Gruel (also referred to by F-Secure as Fakerr) is a worm first surfaced in 2003 targeting Microsoft Windows platforms (such as Windows 98, Windows ME, Windows 2000 and Windows XP). It spreads via email and file sharing networks.

Symptoms

Arrival and initial launch 

The worm arrives as an attachment with various names in emails claiming to be a security update from either Microsoft or Symantec, depending on the variant.
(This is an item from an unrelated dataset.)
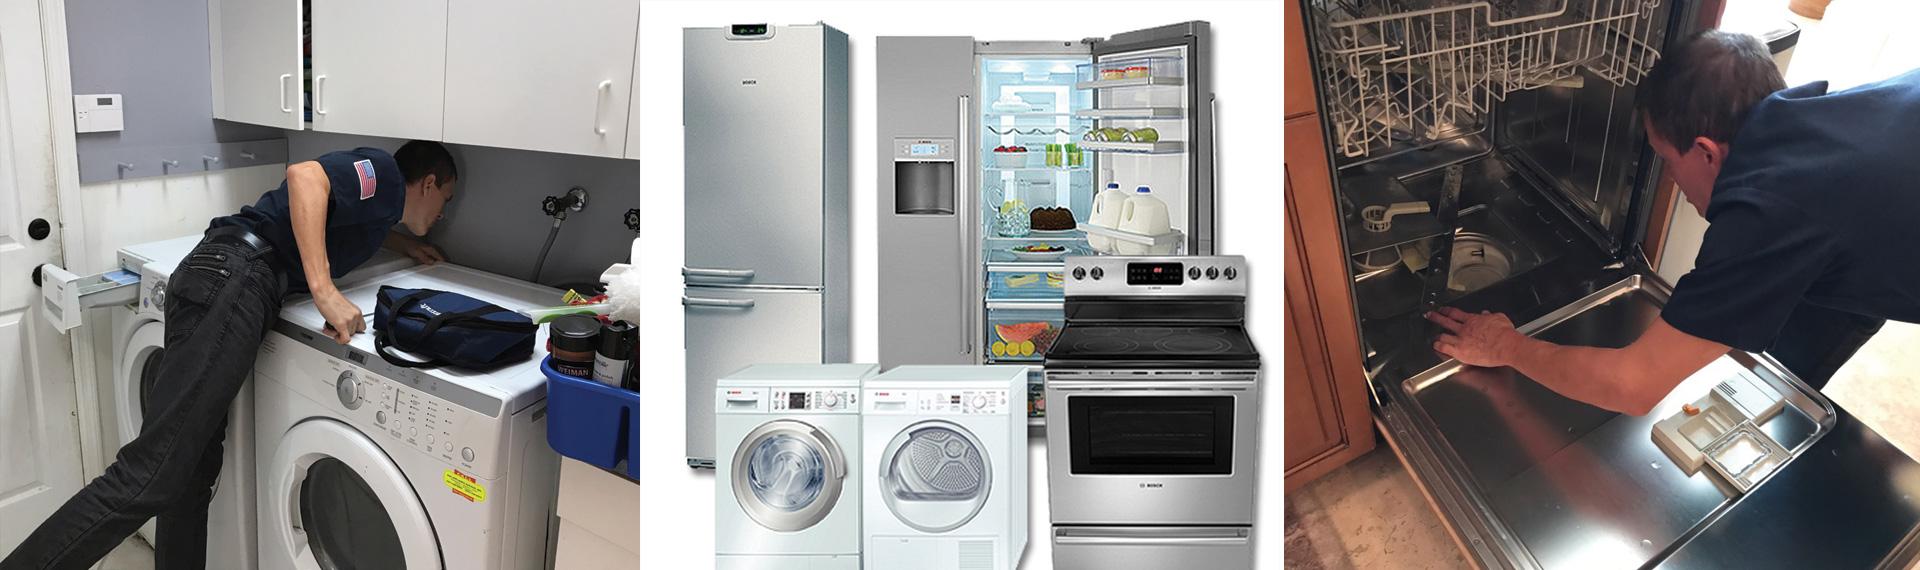 1A Appliance Service Miami Beach FL

When run, the worm installs itself to the system and displays a fake Windows Error Reporting dialog box, which the user cannot move or close and contains two buttons: "Send Error" and "Send and Close", if the user clicks on the "Send Error" button, the worm mass-mails itself to all the user's contacts and displays fictitious "technical details" about the supposed error report, which contains a Back button and a Close button. Clicking the Back button will return to the original error reporting box, whereas the Close button does not do anything. When the user presses "Send and Close", the worm will disable or terminate Windows Explorer, eject the CD/DVD drive, open many Control Panel options, and then display a dialogue box that cannot be closed, which contains two buttons, "Retry" and "Cancel".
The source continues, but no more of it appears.